Audemars Piguet presentó en Watches and Wonders 2026 su iniciativa más inesperada: el Atelier des Établisseurs, menos una colección que una filosofía. El proyecto reactiva las raíces profundamente colaborativas de la relojería suiza recuperando el sistema del établissage, la organización del trabajo que definió la horología del Valle de Joux a finales del siglo XVIII, cuando una red de artesanos especializados fabricaba componentes que un «établisseur» ensamblaba después en un reloj completo.

Era, en esencia, el modelo sobre el que se fundó la propia Audemars Piguet en 1875. Bajo la dirección de la consejera delegada Ilaria Resta, la marca revisita ese espíritu como una metodología viva, sin el menor rastro de nostalgia.
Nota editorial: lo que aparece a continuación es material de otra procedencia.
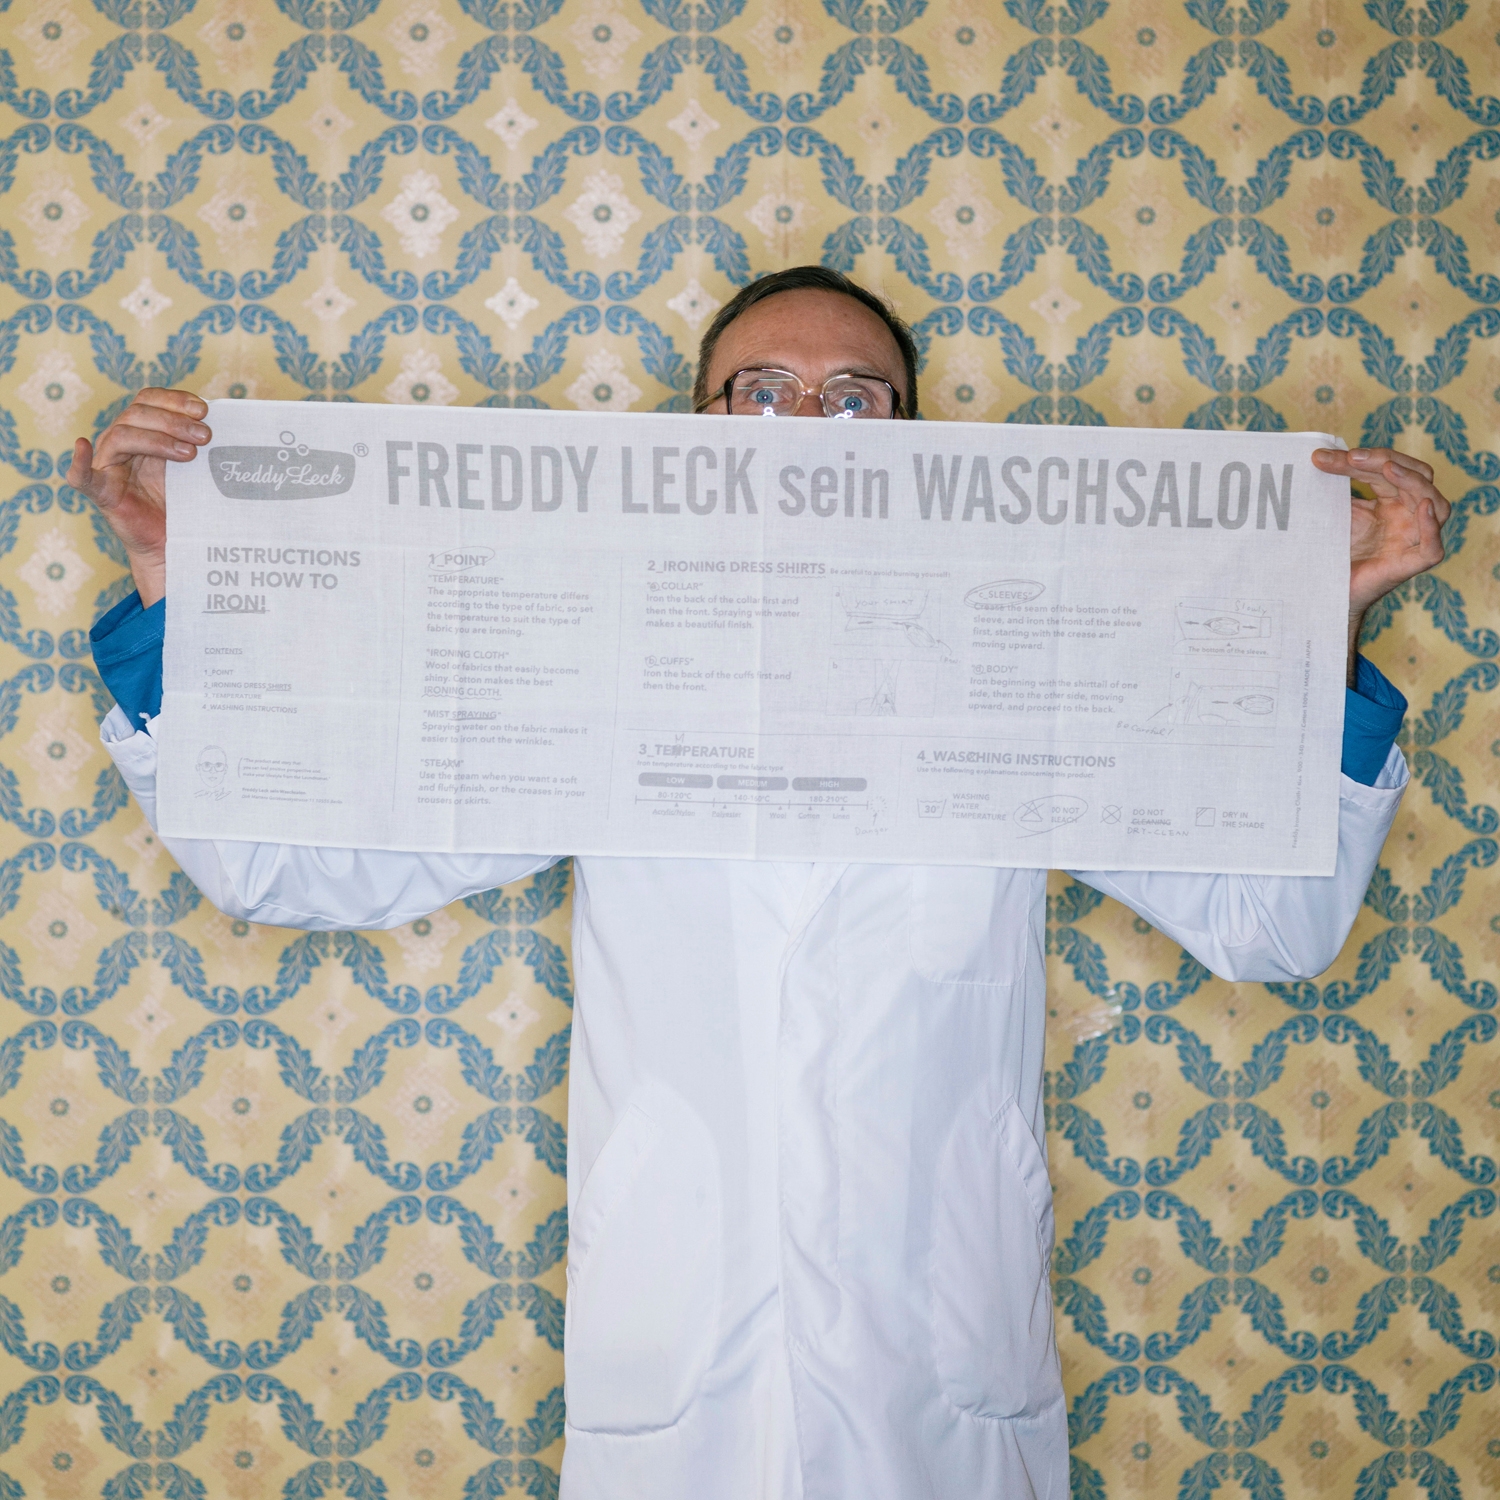 Freddy Leck sein Wasch salon/アイロンクロス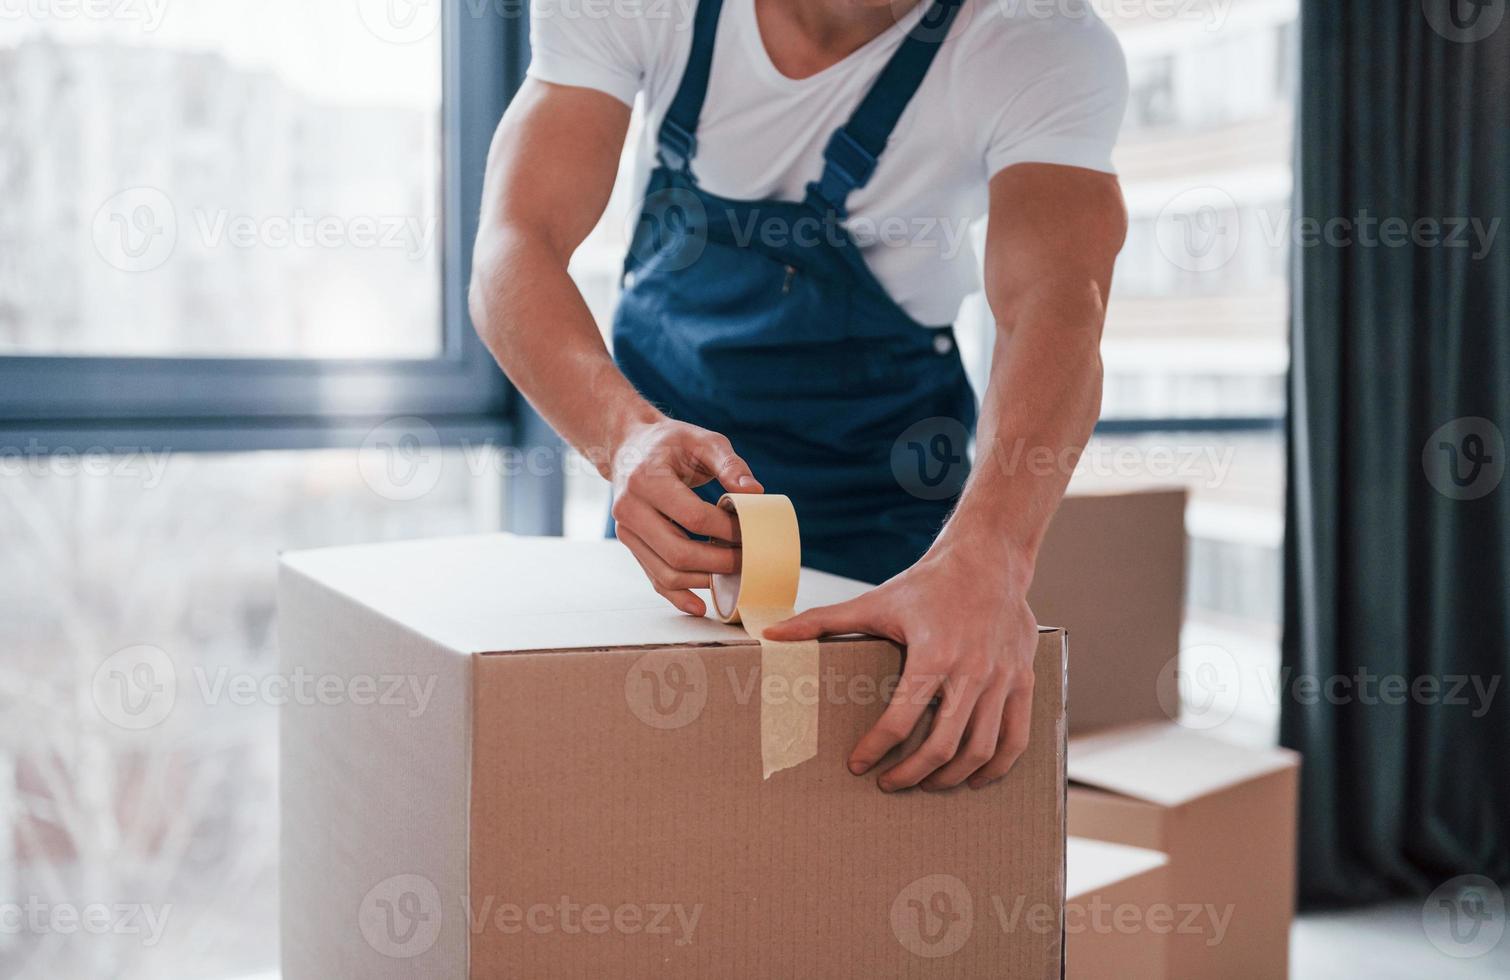 verpakking de doos. jong mannetje verhuizer in blauw uniform werken binnenshuis in de kamer foto

Operando desde el histórico Musée Atelier de Le Brassus, el proyecto reúne a grabadores, esmaltadores, lapidarios y relojeros junto a diseñadores e ingenieros para producir piezas muy limitadas, a menudo únicas.

Tres piezas que celebran el oficio

El atelier debutó con tres creaciones. La Établisseurs Galets traduce las formas naturales del Valle de Joux en un reloj de oro amarillo de 18 quilates con forma de guijarro, esfera de piedra y brazalete de eslabones irregulares. La Établisseurs Nomade explora la versatilidad: se transforma entre reloj de bolsillo, objeto de sobremesa y colgante. La Établisseurs Peacock recupera la tradición del reloj secreto, con un autómata que despliega la cabeza y las alas de un pavo real para revelar una esfera esmaltada.

Un mes de trabajo sin margen de error

La joya técnica reside en el detalle artesanal. El movimiento de la Nomade, el calibre 7501 —adaptación del 7121 de 2022—, se esqueletiza enteramente a mano con una sierra tradicional, una técnica que Audemars Piguet preserva desde la década de 1930. Según explicó a Robb Report el director de patrimonio y museo, Sébastian Vivas, esqueletar así un movimiento puede llevar hasta un mes y no deja margen de error. «Hoy, el 99,99% de los movimientos se preparan mecánicamente», señaló; «pero este es un saber hacer que queremos preservar».

Dar nombre a quienes fabrican

Cada una de las tres piezas inaugurales implica a una quincena de contribuidores clave, desde relojeros y grabadores hasta diseñadores e ingenieros. A diferencia de la relojería suiza tradicional, donde muchos de estos papeles permanecen entre bastidores, Audemars Piguet los nombra explícitamente. «En el pasado, ni siquiera los relojes se firmaban», recordó Vivas; «las personas que había detrás estaban ahí, pero eran ignoradas». El proyecto, además de fabricar objetos de deseo, busca así una función de conservación: dar espacio y tiempo a oficios raros que corren el riesgo de desaparecer por falta de demanda. Para el aficionado, es una ventana poco habitual al alma artesanal de la alta relojería.